People who normally don’t pay attention to their local government are starting to pay attention. Annexation affects us at a fundamental level. It could have an impact on your kids’ education, your tax rates and your police services. Aside from neighborhood-association blogs, we are the only website in our area trying to provide comprehensive, credible and easy-to-follow coverage of this topic.

As I’ve gone out to cover all these meetings, several of you have made a point of stopping me and saying, ‘Thank you.” I also get a lot of “thank you” messages via email and Facebook.

At a recent Avondale Estates meeting about annexation, someone walked up to me and said, “I wouldn’t have known about any of this if it wasn’t for you.”

I sometimes hear from people who don’t even live in our coverage area. They want to know if Decaturish can provide news about their community. A few days ago, I heard from a reader in Stone Mountain.

The email said, “If you did provide regular coverage of Stone Mountain Village, I know many people would be grateful and willing to pay a subscription fee.”

In August, I asked readers who value the work I’m doing to consider becoming paid subscribers for $12.99 a month.
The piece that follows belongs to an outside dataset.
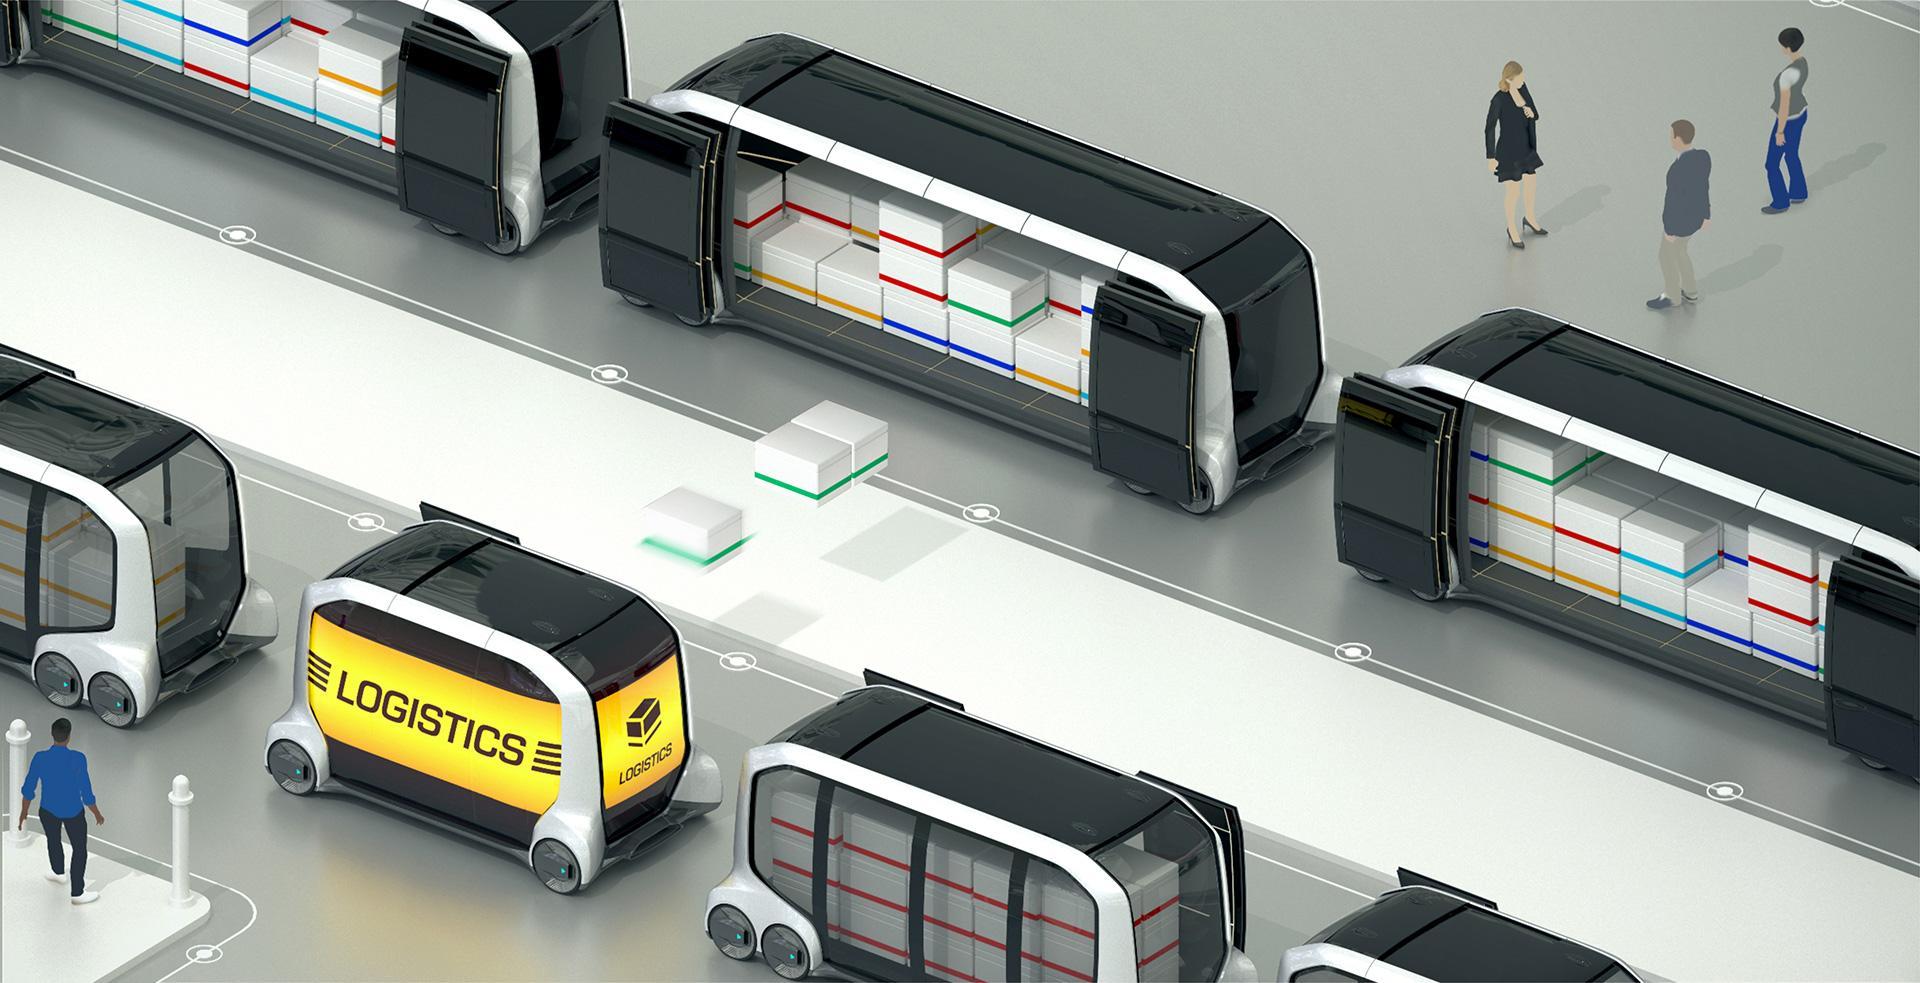 Toyota e-Palette logistics

To date, we’ve had 30, which is phenomenal.

I sent an email thanking one of our recent subscribers for signing up. He replied, “Thank you! … Had a long talk with my wife the other day and we appreciate what you are doing.”

These subscribers are helping me build a foundation that will allow me to continue providing news to your community without sticking it behind a pay wall.

A few people like what we’re doing but were wary of the cost. Others just didn’t see the point of paying money for something we give you for free.

There are plenty of good arguments for sticking this information behind a pay wall. But the downside is that people with less means are less informed. If I’m providing information to you but you can’t get to it because it costs too much or navigating the subscription service is too complicated, what good is it?

Consider, for a moment, what the Atlanta Journal Constitution charges for an all-digital pass. The rate is $2.79 a week for daily access to content behind the pay wall plus Sunday paper delivery. At that rate, you’d pay about $12 to $14 a month.

It won’t all be news that you care about. The AJC covers DeKalb County shenanigans, and for that we should all be grateful. They’ve done a fine job shining a light on government corruption. But the AJC’s intermittent coverage of our local government just isn’t enough.

That’s a gap I’ve been trying to cover for nearly a year now. Based on your feedback, I know the coverage is appreciated. If you want it to continue and want us to expand our coverage, we’ll need your help.

We’re trying to reach a goal of getting 150 paid subscribers by the end of the year. That would allow us to continue to providing our current level of coverage without interruption and expand it a bit. If we hit 1,000 paid subscribers by the end of next year, we could hire a few full time employees.

Subscribers are first in line for branded merchandise, exclusive discounts from our advertisers and will receive a monthly email from me updating you on our progress.

If you’re interested, but the price is too steep for you, have you considered splitting the cost with someone? Many of the emails and messages we receive come from people in neighborhood associations. You could try asking your neighbors or fellow members of other civic-minded groups if they’d like to chip in.

We’re working our tails off for y’all week in and week out. I’m assembling a team of writers who are just as passionate about bringing you the news as you are about reading it.

We’ve got a good thing going here. You can help make it better.